◆ **Data below**
────
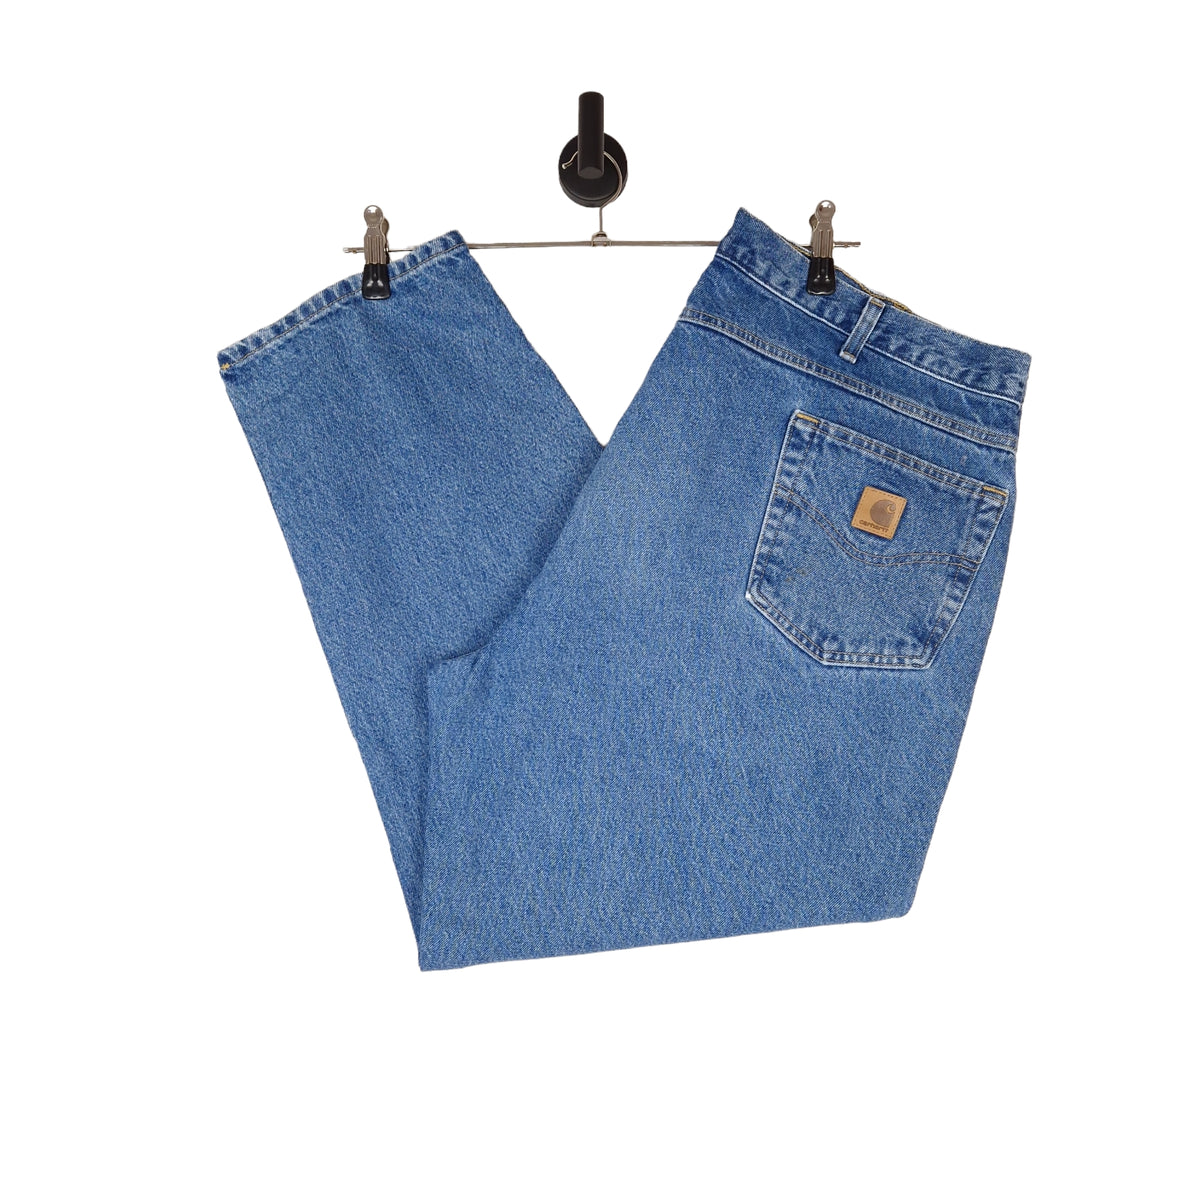 Carhartt Denim Jeans - Size W44 L30
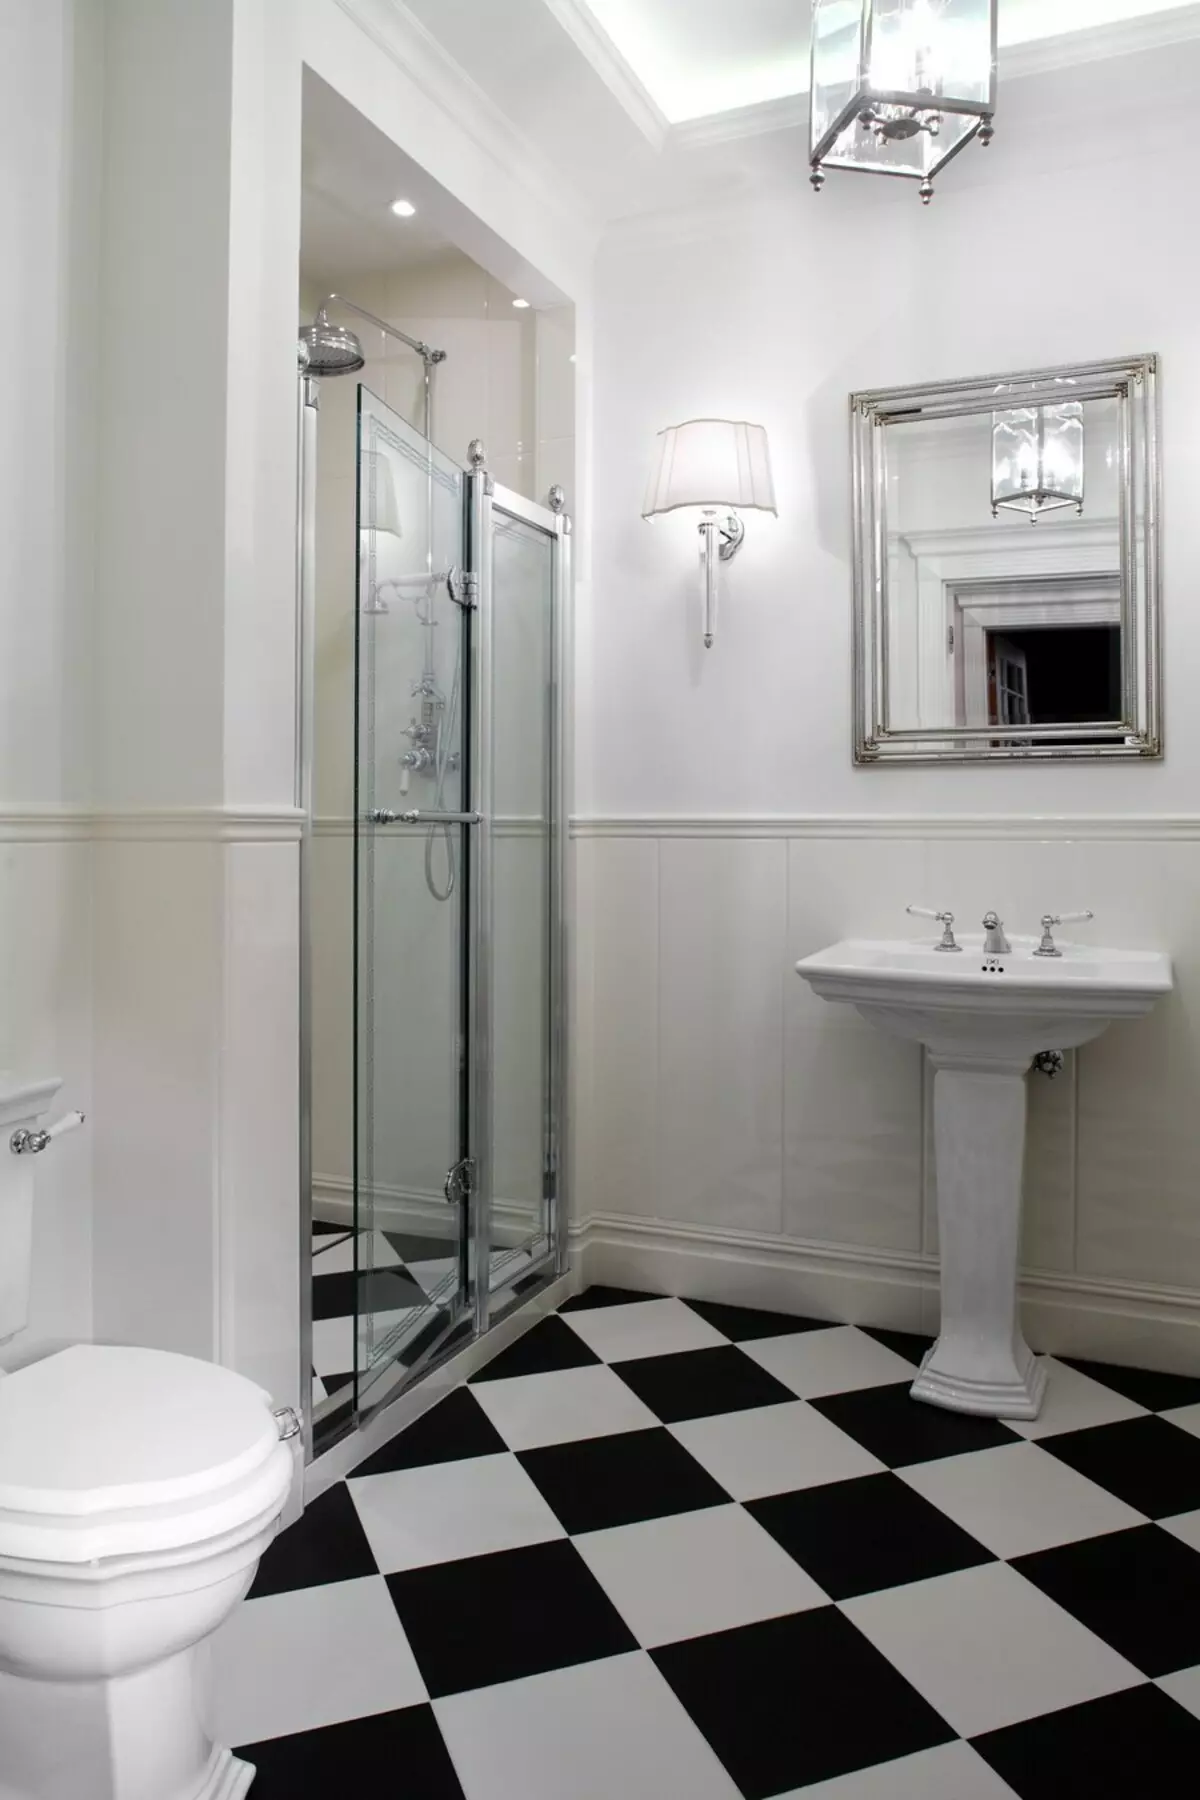 浴室没有淋浴的淋浴（57张照片）：私人住宅和公寓内的浴室的设计和装饰有灵魂场景 21400_52
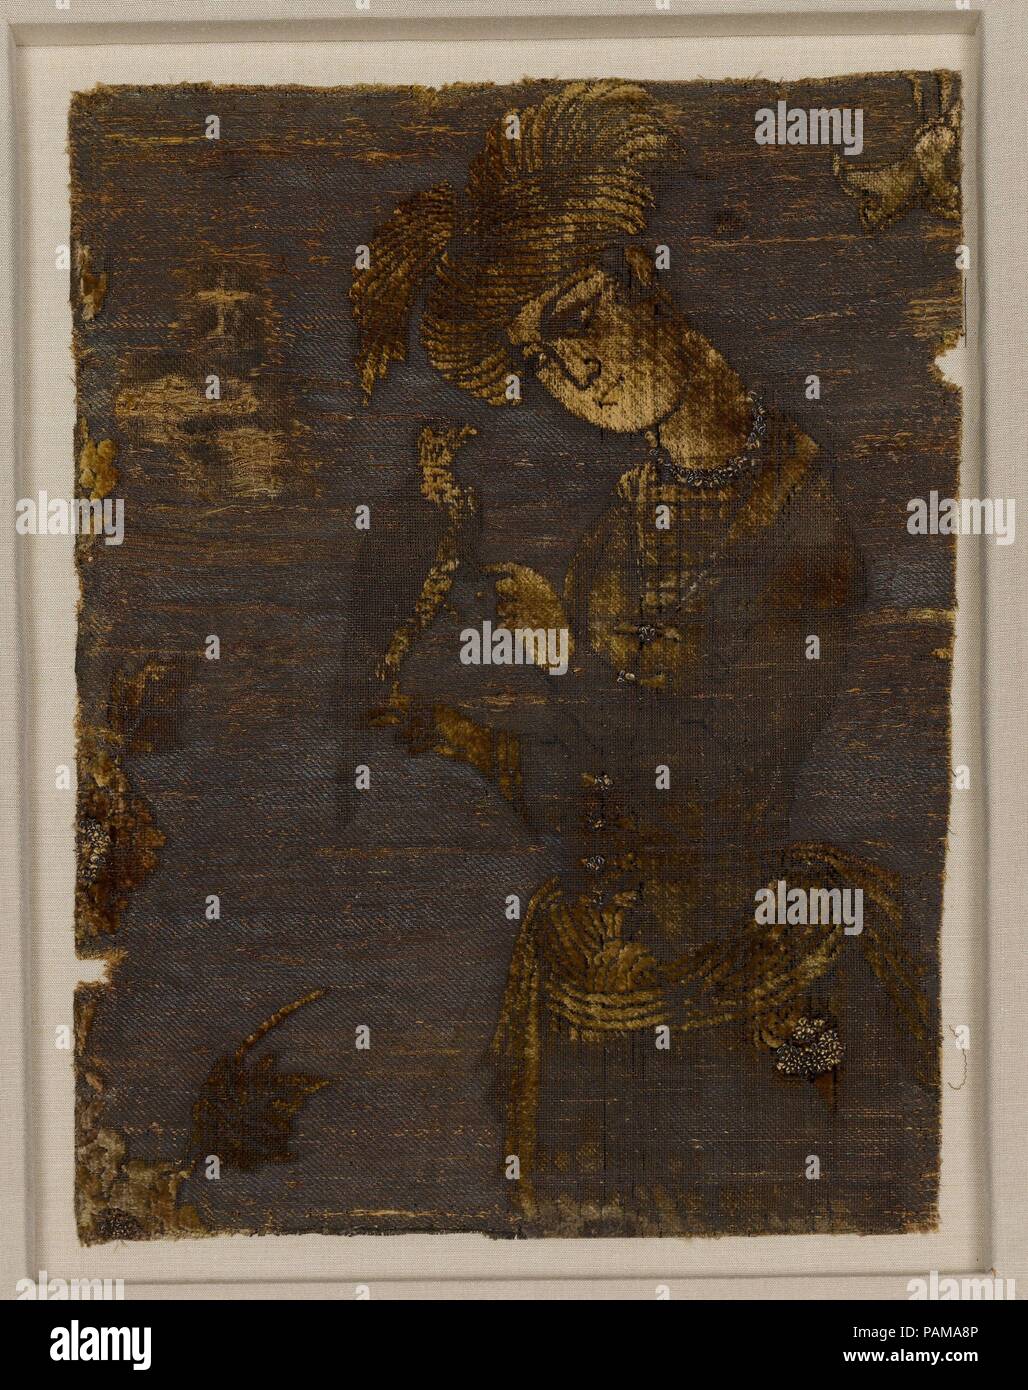 Ein junger Mann an einen Falken. Abmessungen: Textil: L. 11 1/2 in. (29,2 cm) W. 8 1/2 in. (21,6 cm): L 16 cm. (41 cm) W. 13 1/4 in. (33,7 cm) D.1 1/2 in. (3,8 cm). Datum: Anfang des 17. Jahrhunderts. Die ursprüngliche Breite dieses Textil würde mindestens vier Zahlen Rücken-an-Rücken spiegelbildlich enthalten haben. Ein junger Mann, der in einem voluminösen Turban und kurze Jacke gekleidet, kümmert sich um ein Falke. Üppige Wirkung und zusätzliche Textur sind durch die Einbeziehung der Folie erreicht - Seide Loops in ausgewählten Bereichen wie z. B. der Bund der falconer gewickelt. Falknerei war eine fürstliche Sport, eines von mehreren Stockfoto
────
◆ **Your instructions**
The required answer is the material repeated exactly, with no images in it.

◆ **Exercise solution**
 Carhartt Denim Jeans - Size W44 L30
 浴室没有淋浴的淋浴（57张照片）：私人住宅和公寓内的浴室的设计和装饰有灵魂场景 21400_52
 Ein junger Mann an einen Falken. Abmessungen: Textil: L. 11 1/2 in. (29,2 cm) W. 8 1/2 in. (21,6 cm): L 16 cm. (41 cm) W. 13 1/4 in. (33,7 cm) D.1 1/2 in. (3,8 cm). Datum: Anfang des 17. Jahrhunderts. Die ursprüngliche Breite dieses Textil würde mindestens vier Zahlen Rücken-an-Rücken spiegelbildlich enthalten haben. Ein junger Mann, der in einem voluminösen Turban und kurze Jacke gekleidet, kümmert sich um ein Falke. Üppige Wirkung und zusätzliche Textur sind durch die Einbeziehung der Folie erreicht - Seide Loops in ausgewählten Bereichen wie z. B. der Bund der falconer gewickelt. Falknerei war eine fürstliche Sport, eines von mehreren Stockfoto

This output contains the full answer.